L'intervento
"Davvero qualcuno pensa di sconfiggere militarmente la Russia?". La Lega prende le distanze da Meloni
Il capogruppo Romeo interviene in Senato e mette in fila tutte le perplessità del suo gruppo sul sostegno all'Ucraina: "Ci troviamo di fronte al deserto della diplomazia”. Poi invita la premier a non appiattirsi su Nato e Usa
"Davvero qualcuno pensa di sconfiggere militarmente la Russia?". Più di una semplice dichiarazione di voto. Quasi un'arringa, quella di Massimiliamo Romeo, che - intervendo in Senato dopo le dichiarazioni della premier Giorgia Meloni, in vista del Consiglio europeo - mette in fila tutti i dubbi della Lega sul sostegno militare all'Ucraina. Parole e posizioni che si sovrappongono, a tratti scavalcano, il pacifismo grillismo. Per qualcuno richiamano anche la propaganda putiniana.

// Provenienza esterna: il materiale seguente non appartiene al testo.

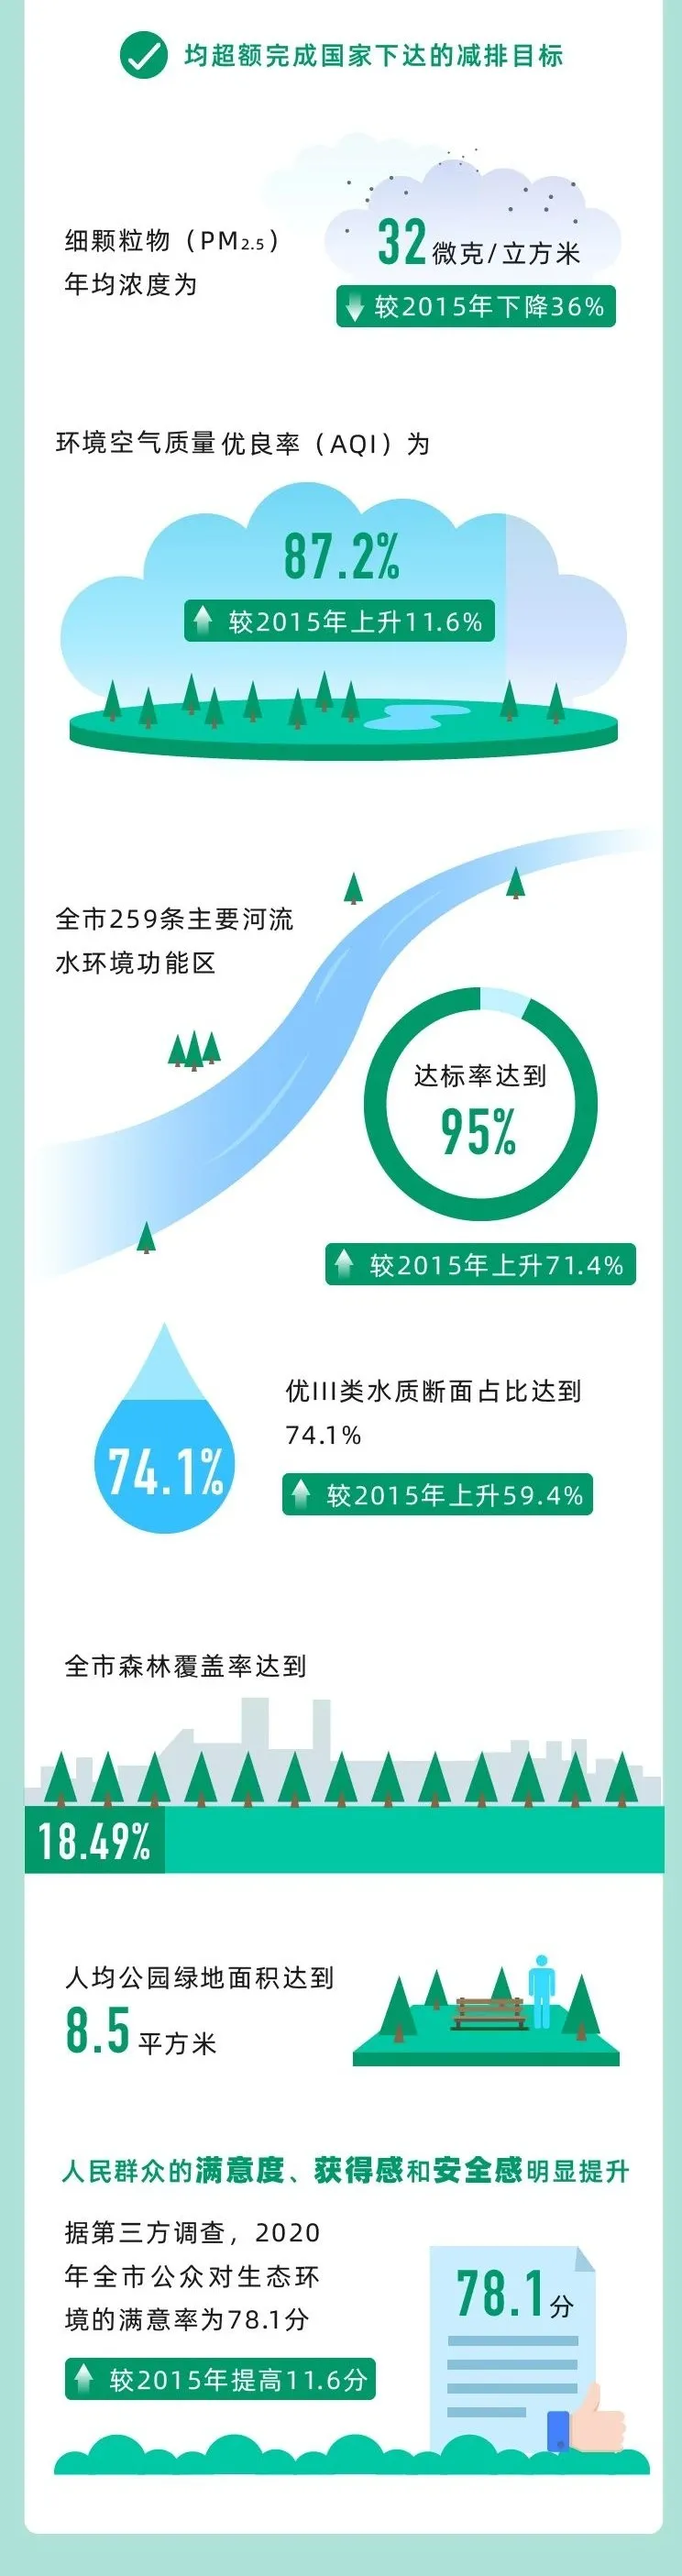 回顾“十三五”，展望“十四五” 上海绿色发展之路将这样走 行业热点 第2张

Il capogruppo del Carroccio annuncia il voto favorevole del suo gruppo, ma esprime "la forte preoccupazione su come stanno andando le cose sul fronte dellla guerra tra Russia e Ucraina". Si smarca dunque dall'azione del governo e da quella degli alleati internazionali. "Iniziative di mediazione di alcuni paesi vengono subito accontonate e giudicate non credibili ancora prima di essere attentamente analizzate", accusa Romeo, che si riferisce pur senza nominarla alla proposta di pace che arriva da Pechino, rispetto a cui - lascia intendere - esiste un pregiudizio da parte dell'Alleanza atlantica, degli Stati Uniti.
Per questo, "l'obiettivo della cessazione delle ostilità sembra più una dichiarazione di principio". Quindi: "Il problema non è il sostegno militare all’Ucraina, ma la corsa ad armamenti sempre più potenti". Sono dubbi che nei giorni scorsi ha espresso anche l'altro partito di maggioranza, Forza Italia, a proposito della richiesta di aerei avanzata da Zelensky. Romeo si rivolge alla premier, che assiste scura in volto, con la stessa espressione che si vede sui banchi di Fratelli d'italia, dove non applaude nessuno: "Siamo certi che un escalation del conflitto riuscirà a tenere lontana la guerra dall’Europa e dal nostro paese?", chiede il senatore, mettendo così in dubbio le parole della stessa Meloni, che poco prima, nella sua relazione, aveva spiegato come le armi fossero necessarie al contenimento del conflitto su una scala “regionale”. Non per il capogruppo del Carroccio a quanto pare, le cui dichiarazioni, in molti passaggi, sono anche più dure di quelle pronunciate dagli esponenti del M5s.
Ma non è una novità. Perchè posizioni molto simili la Lega, lo stesso Romeo, le aveva pronunciate a gennaio in occasione del voto sul decreto per l'invio di nuove armi a Kyiv. "Non si può sconfiggere Putin", disse allora. Circa un mese dopo, proprio nel giorno della visita della premier a Kyiv, e con un tempismo quantomeno curioso, sempre il capogruppo leghista ripeteva al Foglio: "Cara Meloni, siamo ostaggi della propaganda bellicista". Concetti che ritornano, più netti.
Oggi, cita il capo di stato maggiore della difesa italiano e quello americano, per ribadire che "non esiste una soluzione militare per questo conflitto, ne Kyiv né Mosca possono vincere”. Analisi militari che vengono definite "saggi consigli, davanti a cui la politica resta sorda".
"Ci troviamo di fronte al deserto della diplomazia”, è la stoccata successiva, attraverso cui la Lega sembra contestare al governo Meloni un eccessivo appiattimento sulle posizioni atlantiche. "Servirebbe più equilibrio. Servirebbe recuperare il ruolo storico dell’Italia per favorire il dialogo e almeno la tregua". Quindi l'appello, che per i toni con cui viene mossoha il sapore di una sfida: "Contiamo su di lei presidente. Sentiamo dire in giro che lei è una tosta, non solo perché ha avuto il coraggio di andare al Congresso della Cgil", premette. Prima di affondare il colpo: "Se è vero che stiamo combattendo la battaglia per la libertà dell’occidente, dobbiamo essere pronti a difenderla anche in casa nostra. Che libertà è quella che criminalizza qualisasi idea che si discosta di un millimetro al pensiero dominante?". La risposta che si dà Romeo è eloquente: "Assomiglia più a una dolce tirannia". Ed è anche il segnale di una certa insofferenza.